The Reserve Bank of India’s crackdown on unsecured lending is likely to lead to an increase in collaborations between fintechs and traditional lenders in 2024. This trend is set to be propelled by the challenges faced by fintechs in securing adequate funds to bolster their balance sheets. Fintech entities are grappling with escalating compliance costs, a consequence of increased scrutiny by the Reserve Bank of India (RBI) in recent years.
RBI’s encouragement for fintechs to obtain NBFC licences and issue loans from their own books faces challenges in the current capital environment. The stringent norms for acquiring NBFC licenses add complexity to this transition. Consequently, many entities may opt to remain lending service providers, sourcing loans for bank and NBFC partners.

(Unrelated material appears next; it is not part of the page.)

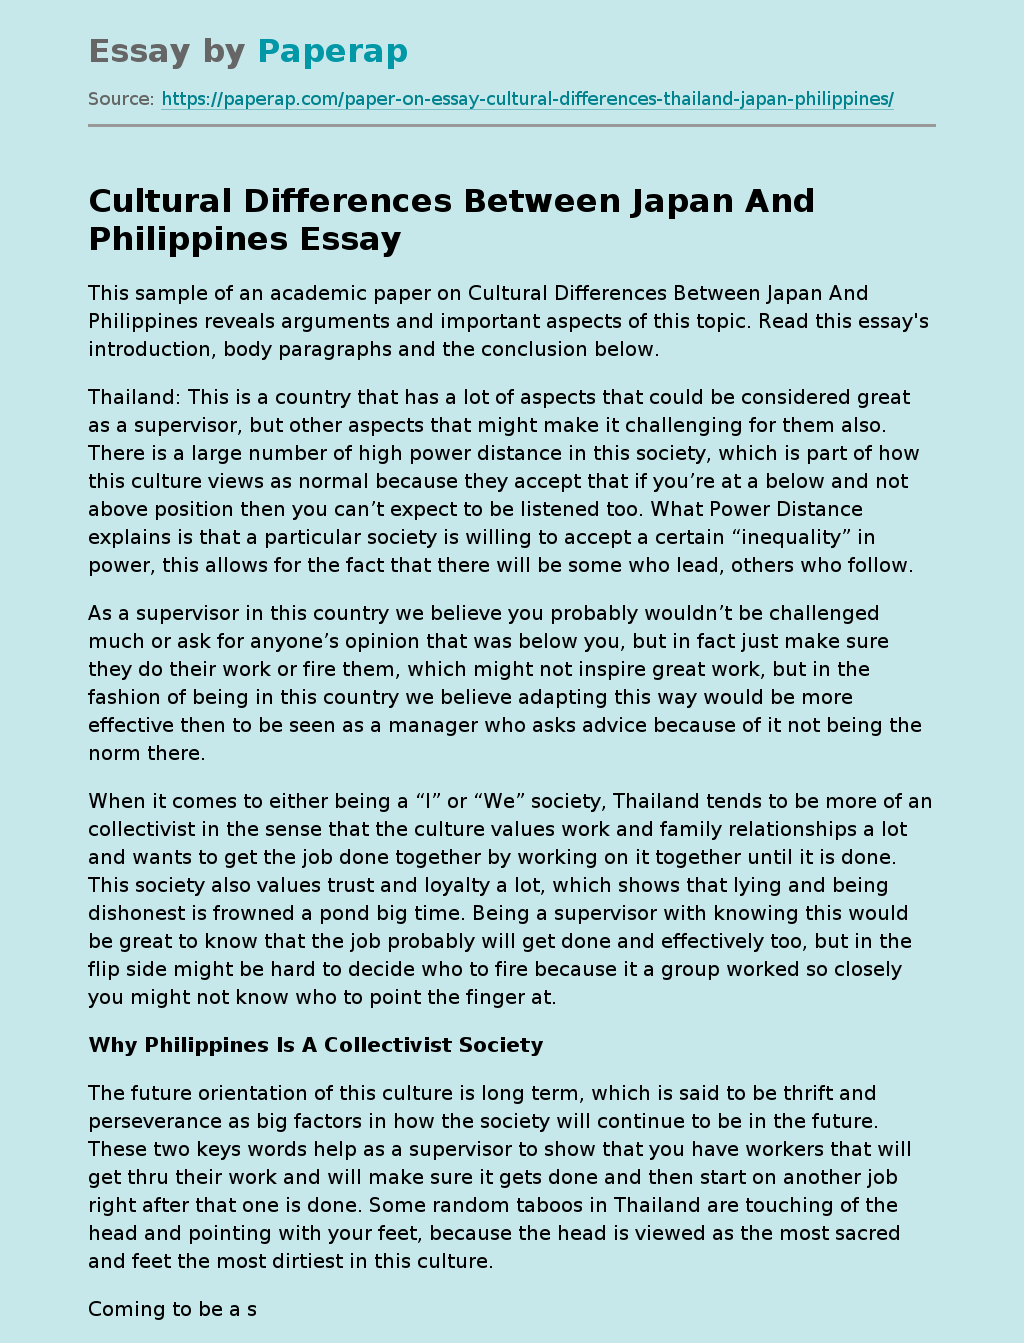 Cultural Differences Between Japan And Philippines

The core lending service provider (LSP) model remains appealing, with co-lending arrangements becoming more prevalent. Even for fintechs transitioning into NBFCs, co-lending could provide access to a larger scale of capital, given the current challenges in acquiring equity and debt capital.
The hurdles
Stringent regulations, especially regarding unsecured consumer loans, have prompted fintechs to reconsider their product portfolios. In a strategic shift, fintechs are increasingly focusing on secured and priority-sector loans.
In response to RBI directives, several banks and non-banking financial companies (NBFCs) advise fintech partners to limit small-ticket personal loan disbursements. Fintech giant Paytm, for instance, has recalibrated its portfolio origination, redirecting its focus toward business loans and high-value personal loans for amounts less than Rs 50,000. This strategic realignment aligns with RBI’s directive to increase risk-weights on unsecured retail loans, prompting broader recalibrations within the personal loan-focused fintech sector.
The changing paradigm
While fintechs operated largely outside the RBI’s regulatory purview in the past, the central bank’s intensified scrutiny in 2023 has prompted a rapid adjustment to the changing regulatory environment. Compliance requirements, customer protection measures, and the need for continuous innovation pose significant challenges for fintech entities.
Anticipating a potential redistribution of asset classes, fintech leaders foresee lenders seeking equilibrium between unsecured and secured products. Additionally, a shift toward quality is expected, with lenders prioritising unsecured portfolios perceived as more resilient and less leveraged.
The emergence of account aggregators serves as a catalyst for collaboration within the industry, emphasising the evolving dynamics of the fintech landscape.